When is your problem my problem?

I just got off a conference call we hold semi regulary amongst the committers working on the CDT indexer. Now that we have people from four different organizations working on it, we need this level of co-ordination to ensure we don’t trample on eachother. And it is a cool example of open source development at work.

Now when you get this many interests working on a common code base, you are likely to run into times when requirements start to conflict with each other, and you end up with conflict amongst the developers. This has started to happen with us and it is giving me an opportunity to really learn the right approach to take to make sure everyone walks away happy, or even whether it is possible for that to happen.

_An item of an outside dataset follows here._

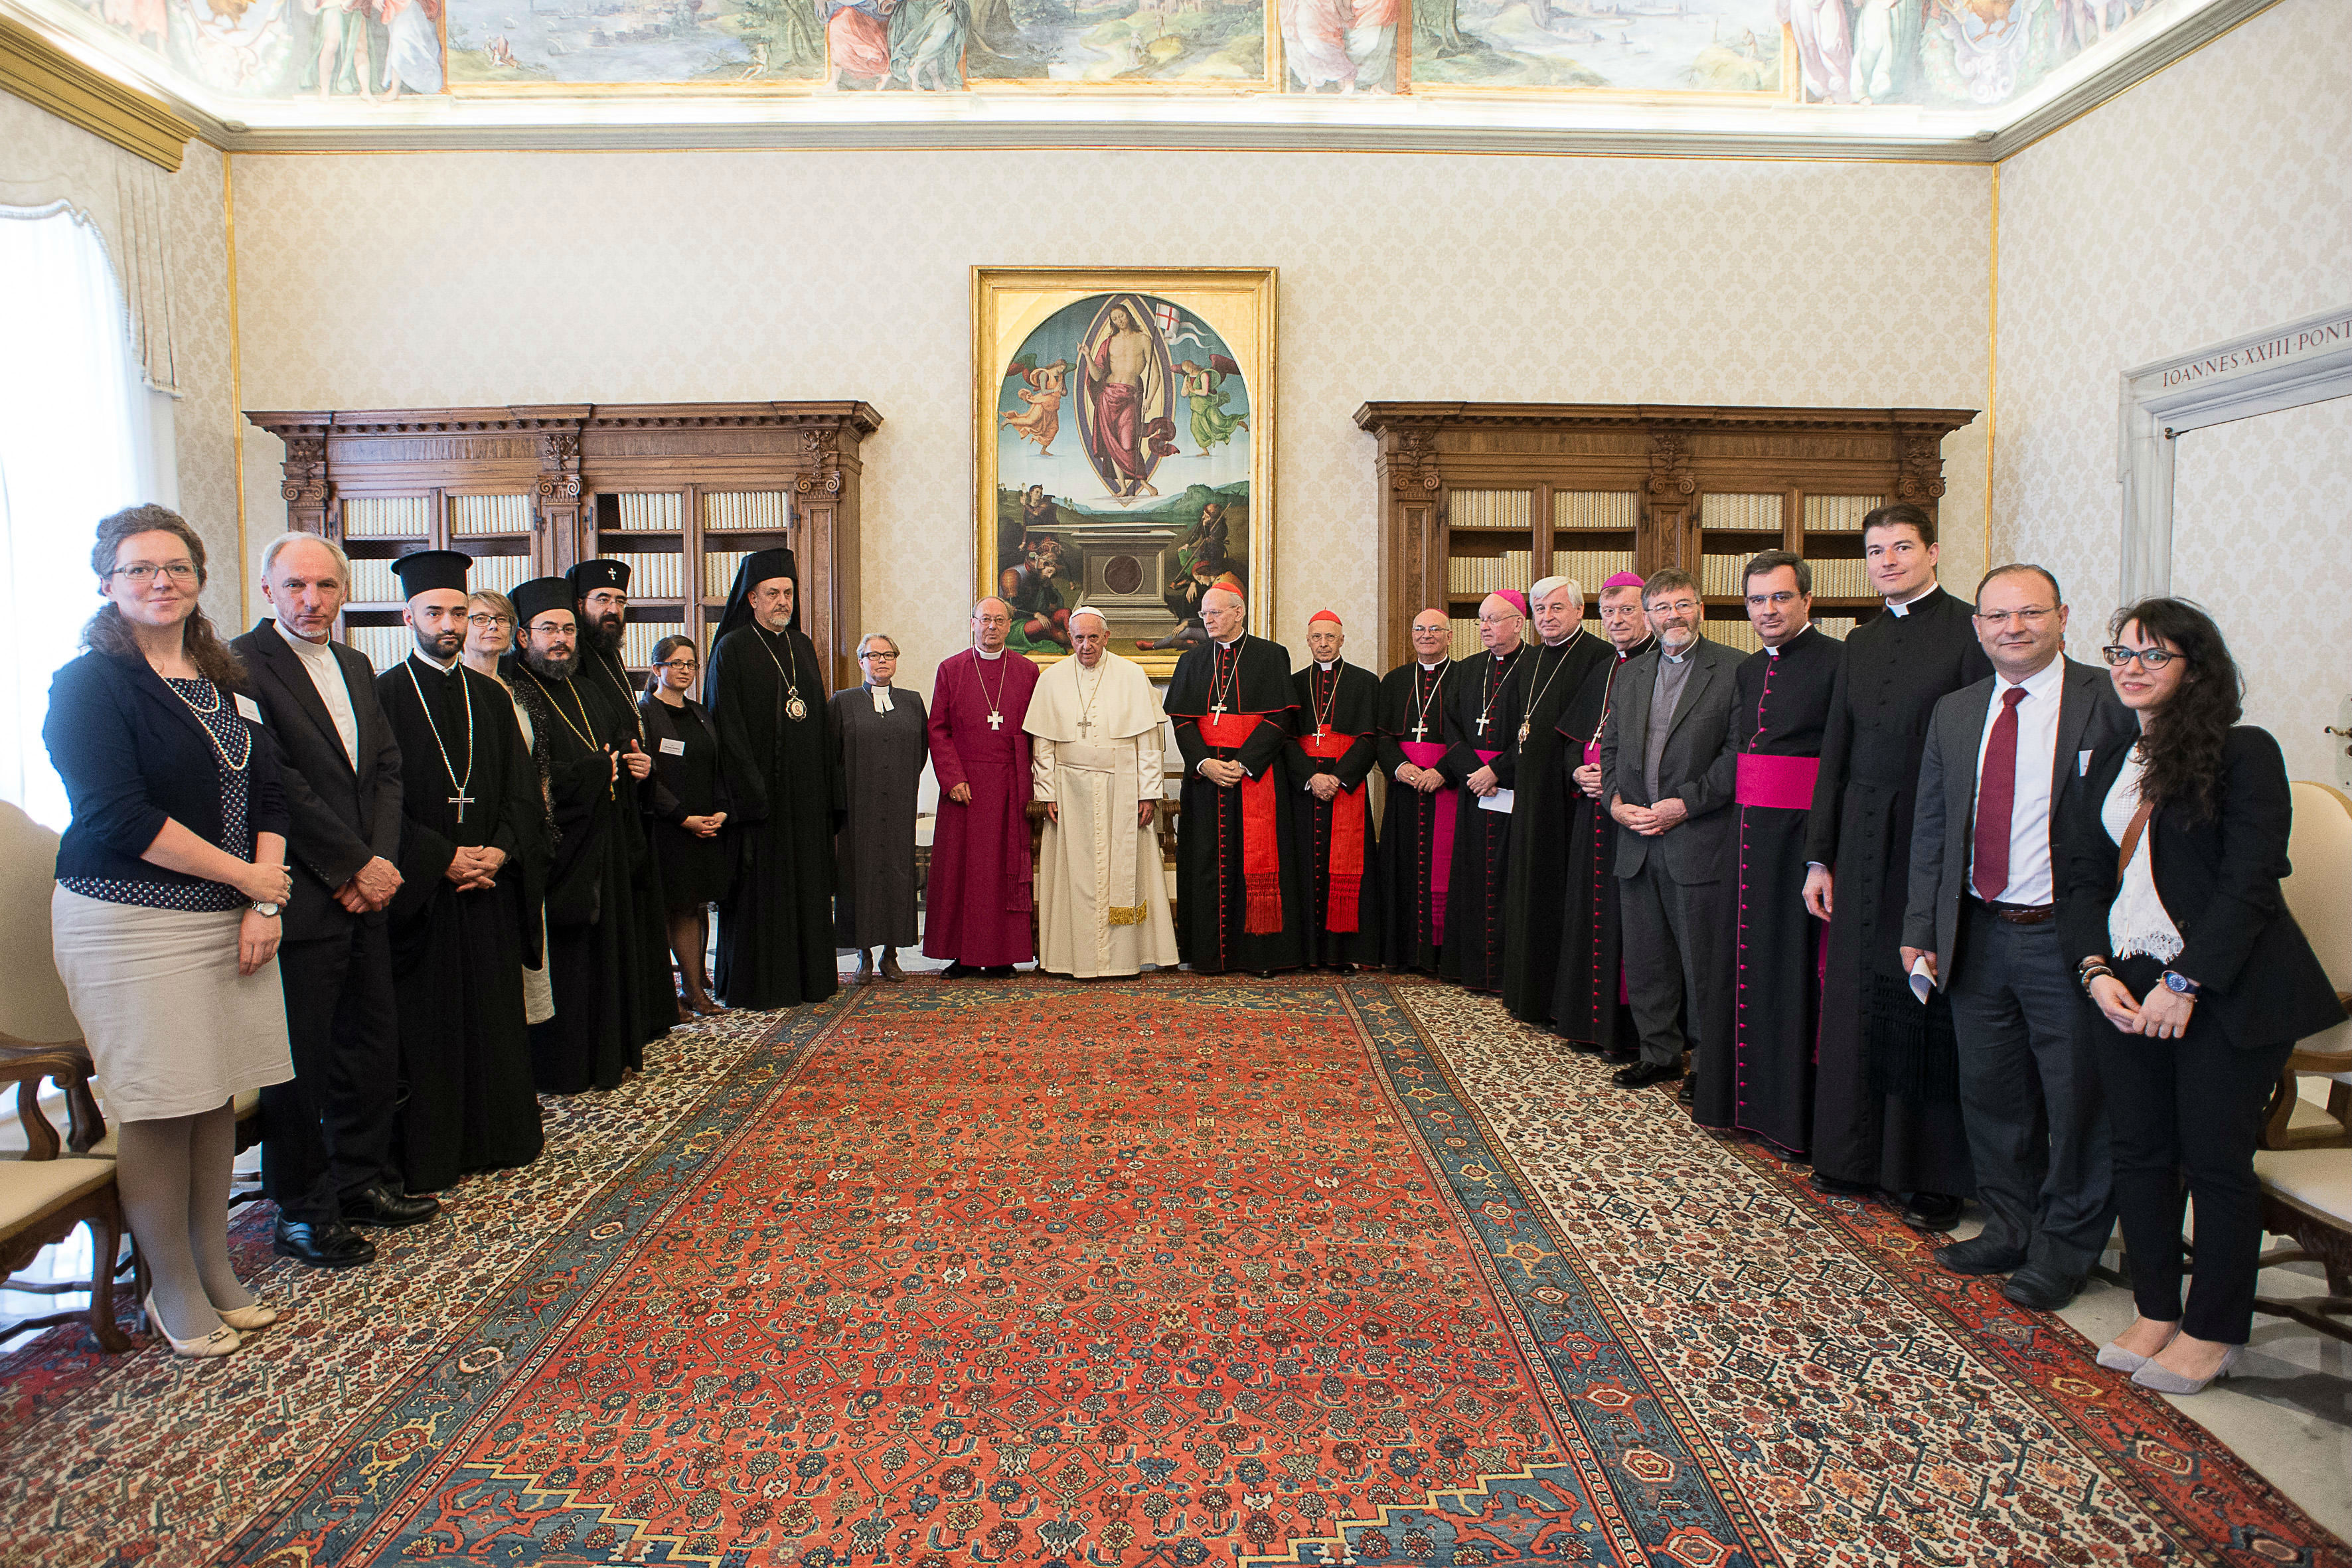 Pope Francis with the members of the Joint Committee of the Conference of European Churches (CEC) and the Council of European Bishops’ Conferences (CCEE)

Taking a big step back, I think the first thing you have to do if you have a requirement you’d like the open source project to satisfy is to convince others in the community that it is their problem too. Now sometimes that isn’t possible because the requirement really is particular to your customers. In that case, I think you need to convince the others that the changes you are proposing will have minimal impact on them and others who want to build on and use the project. There are times, especially with young projects, where people might bend over backwards to help you. But you certainly can’t count on it, nor should you.

At the end of the day, what it really boils down to is that you have to convince people. Influencing is a critical skill that an open source developer must have to be successful working with open source. In a corporate environment, you have it easy since you can always go complain to management. But in open source, all the committers are peers, there are no managers, so they need to work out any conflicts with eachother. And that demands great people skills.

It is pretty interesting that our little indexing group has such great influencers and the discussions can become quite heated. But we do respect eachother and will continue to hammer out these issues and try to come up with the right solution for everyone.

And if this does work out for us, it’ll make a great chapter for a book on working in open source. There may be a book out there already that I need to read, or maybe not and someone needs to write one. Because I see this happening on almost every open source project I see.